## Task requirements
Return every line from the one with "Electricity Desktop Wallpaper" through the one with "Mountain Hardwear Men's", inclusive, exactly as it appears below.

## Data shown
━━━━━━━━━━

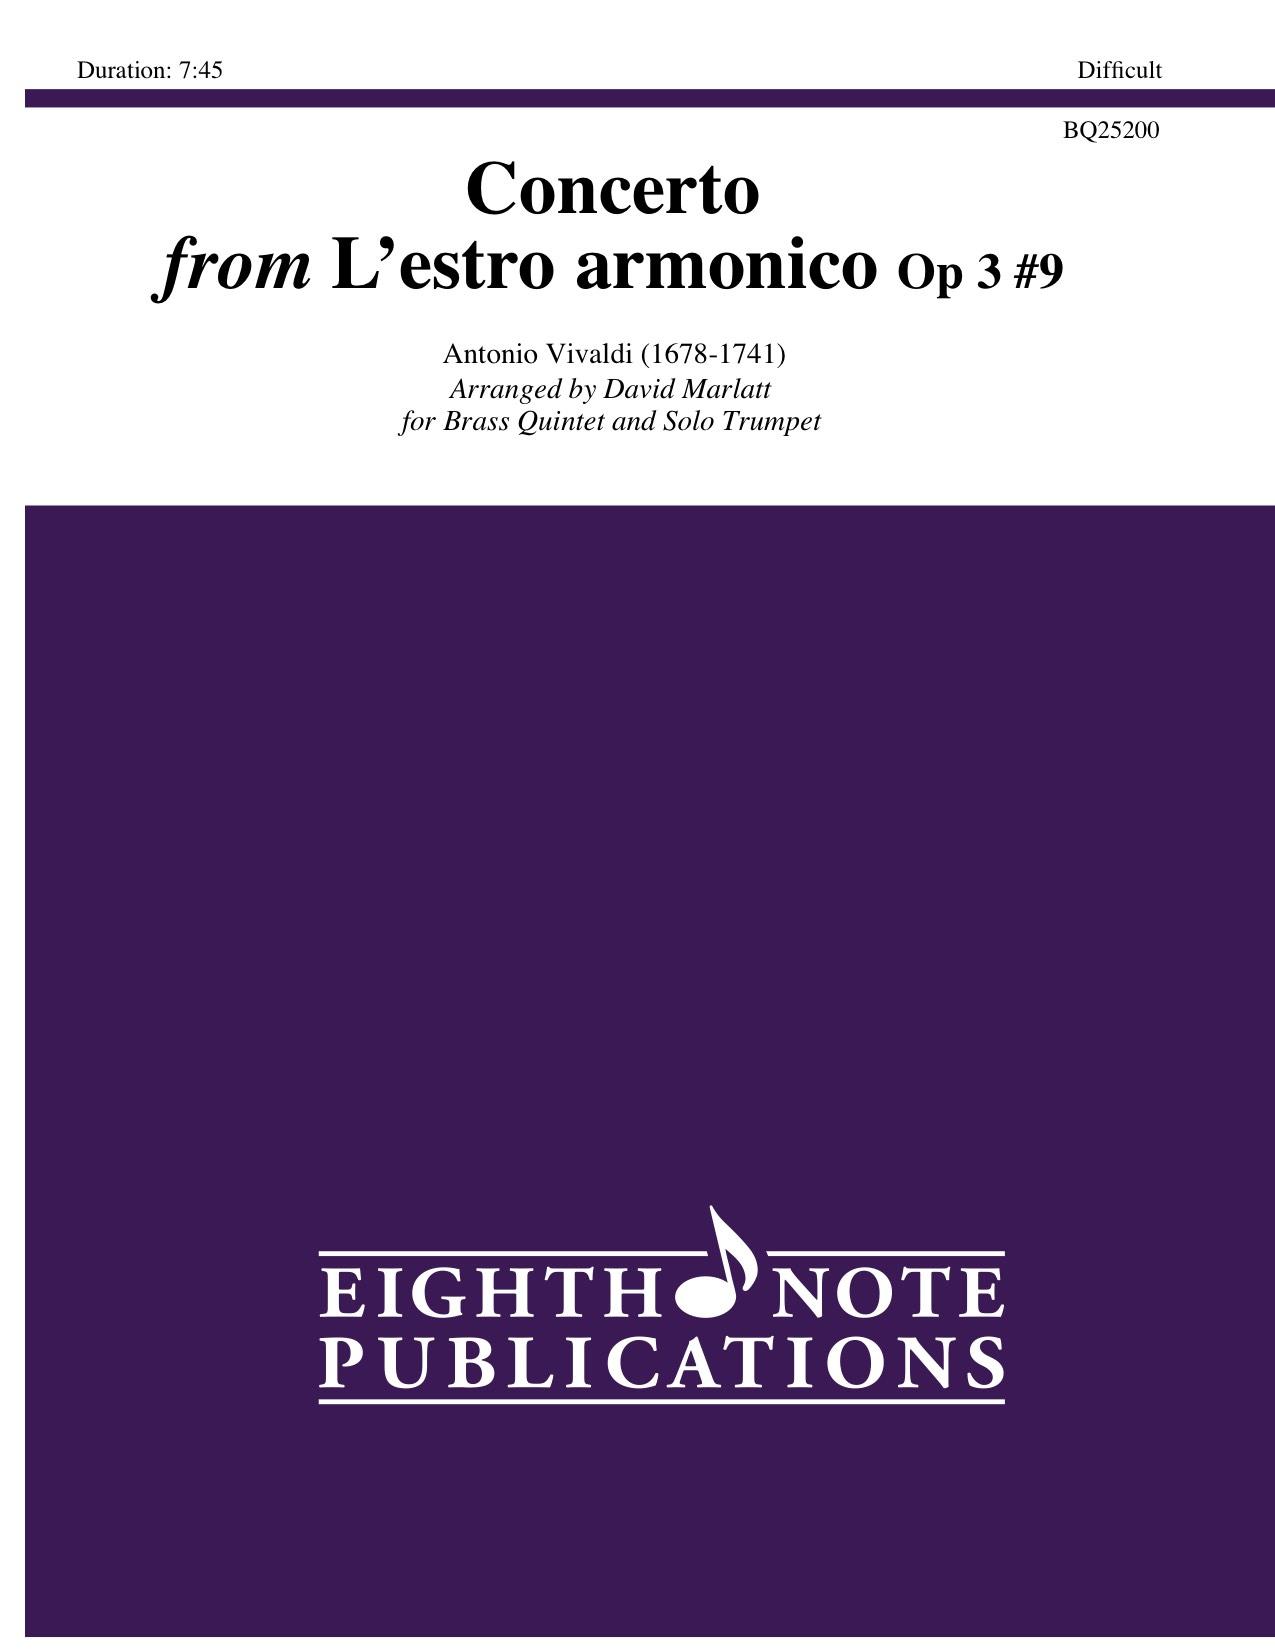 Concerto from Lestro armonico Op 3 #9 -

━━━━━━━━━━

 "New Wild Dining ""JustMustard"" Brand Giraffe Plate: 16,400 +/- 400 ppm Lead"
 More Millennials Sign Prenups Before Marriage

━━━━━━━━━━

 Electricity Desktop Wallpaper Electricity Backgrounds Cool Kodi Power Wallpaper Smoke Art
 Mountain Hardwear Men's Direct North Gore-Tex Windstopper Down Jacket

━━━━━━━━━━

## Solution for this exercise
 Electricity Desktop Wallpaper Electricity Backgrounds Cool Kodi Power Wallpaper Smoke Art
 Mountain Hardwear Men's Direct North Gore-Tex Windstopper Down Jacket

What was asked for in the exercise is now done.